I was tickled when a co-worker commented on how much reading I do. I think I've read four books so far this year, which is probably the same number I read all year in 2008. I've forgotten how much joy there is to be had in reading a good book. I still don't spend large amounts of time reading - it is, after all, March already and I'm only on my fourth book. But I'm also indulging my domestic side in the kitchen. Last week I made a scrumptious shrimp and crabmeat bisque that warmed us up on cold days. Just last night I fixed a pecan-crusted walleye filet (I do like to cook some nice dishes on the weekends and my day so my husband has something good to eat those days I'm at work). I've baked muffins, and I can whip up homemade biscuits in about ten minutes (I timed myself yesterday, and preparing dinner took about an hour). I'm exercising regularly, too, either on the treadmill, with a DVD, or a combination of both and some good old-fashioned bends and crunches.

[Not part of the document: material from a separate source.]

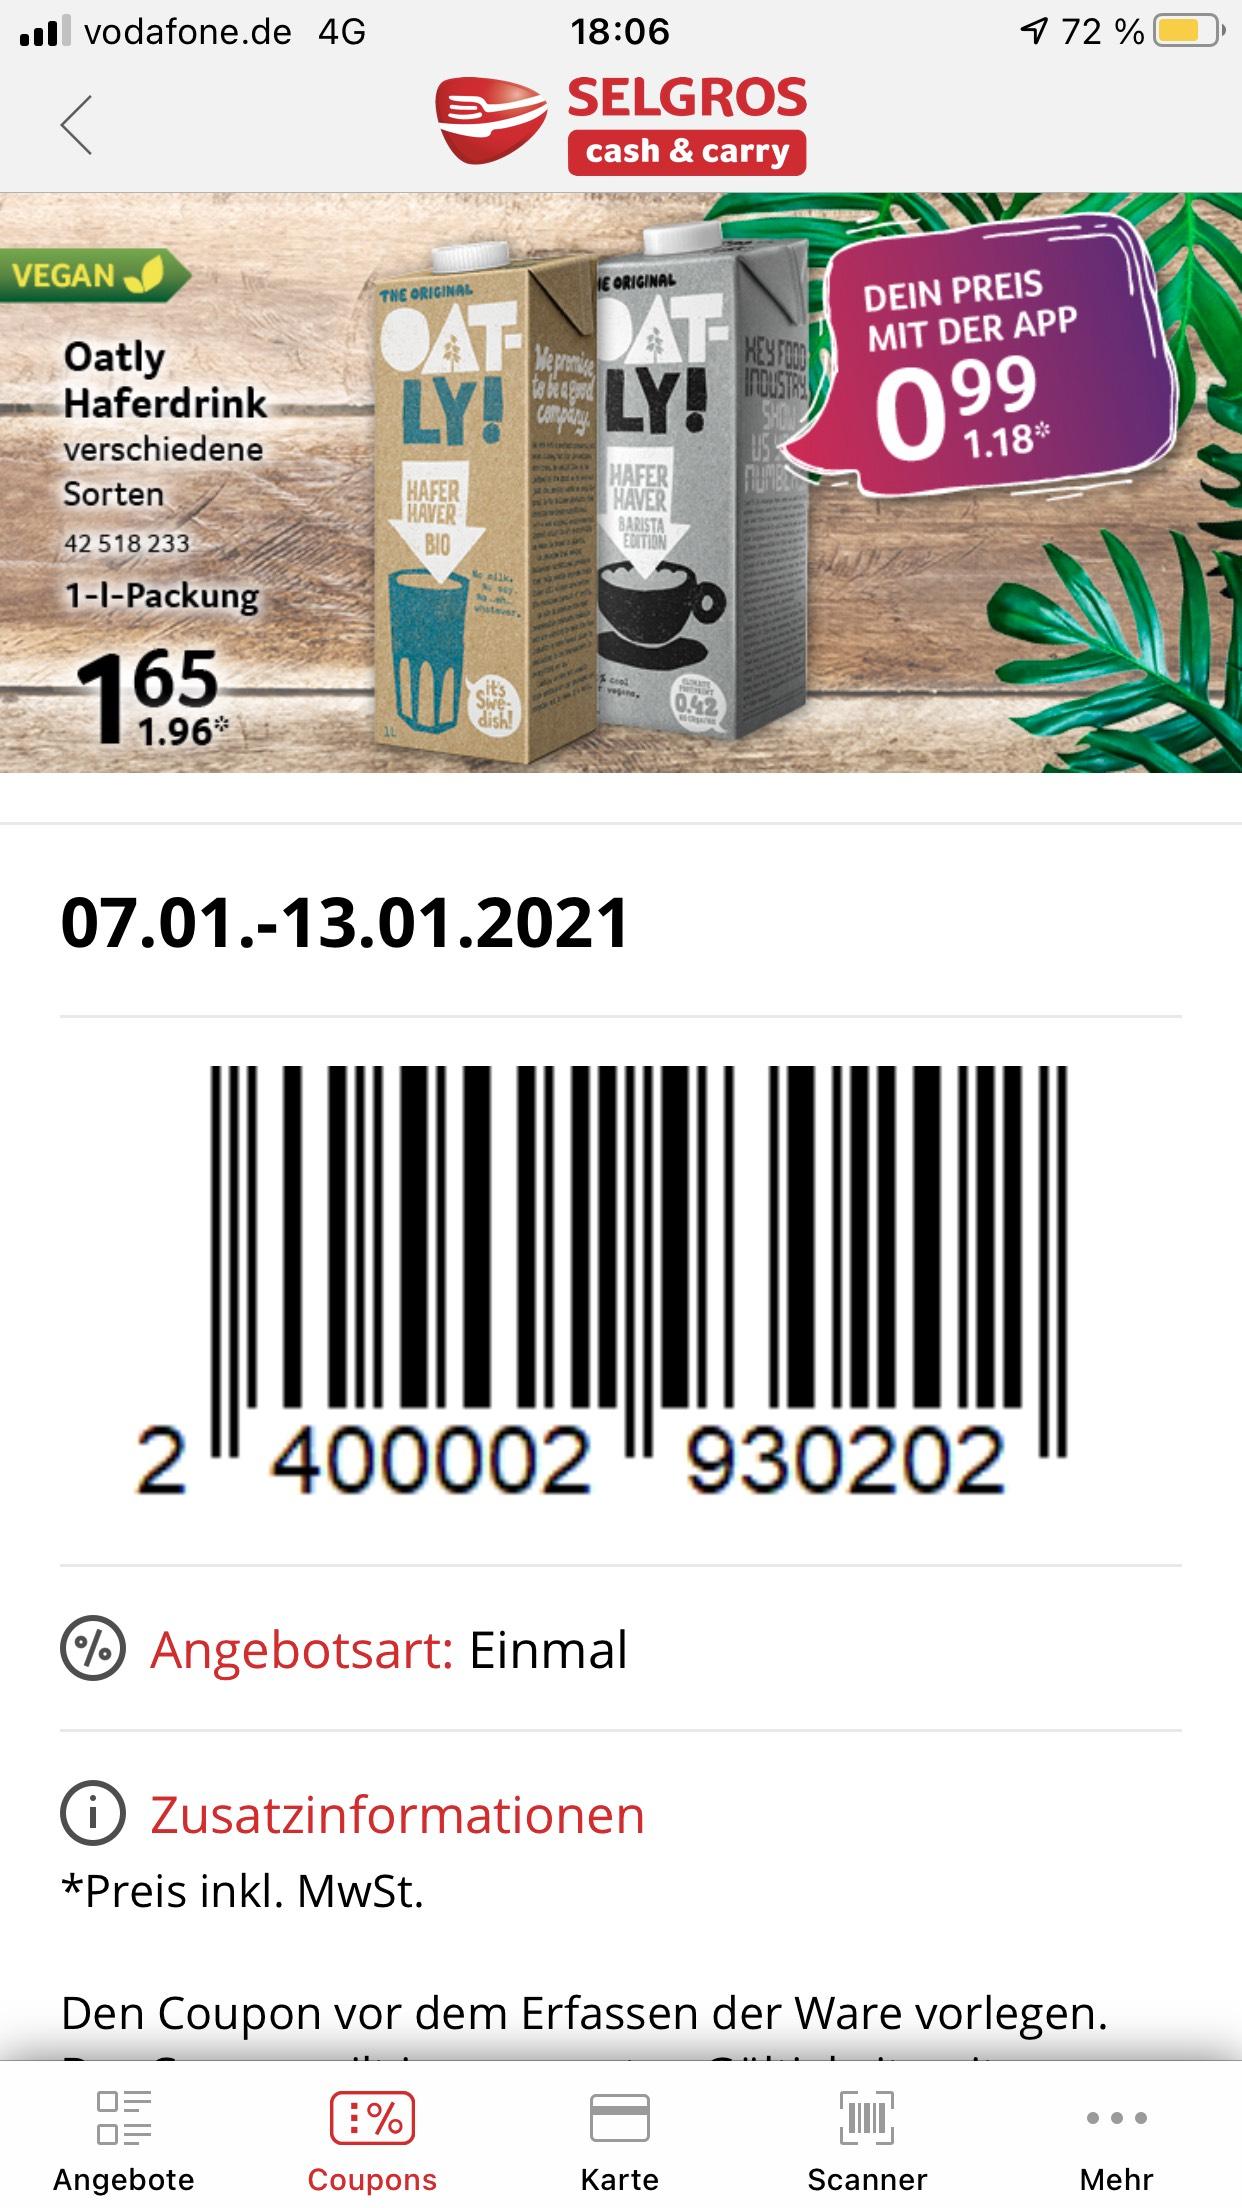 [SELGROS] Oatly Haferdrink (auch Barista) lokal für 1,18 €/l - 1,05 €/l möglich

Speaking of health, I'm getting caught up on that today, too. Scheduled all my checkups and labs.
Other things are coming together, too. We finally reached a settlement with the moving company for lost (more like "stolen;" how the hell do you lose an unboxed exercise stepper?) and the Illinois people finally unraveled the mess they made with our car title, which can now be moved to Wisconsin.
I think a large part of my attitude is my change in living conditions. For two years we were terribly cramped in an apartment with one bedroom and one bathroom (which we used to knock each other over trying to get to after coming home from long drives). Living amid a lot of clutter can (and did!) get depressing after a while.
If I followed the Chinese calendar, this would be the Year of the Bettye. The more I relax, the more likely it seems that everything will get done.
What about you? Are you indulging yourself, not with expensive activities but with the little things?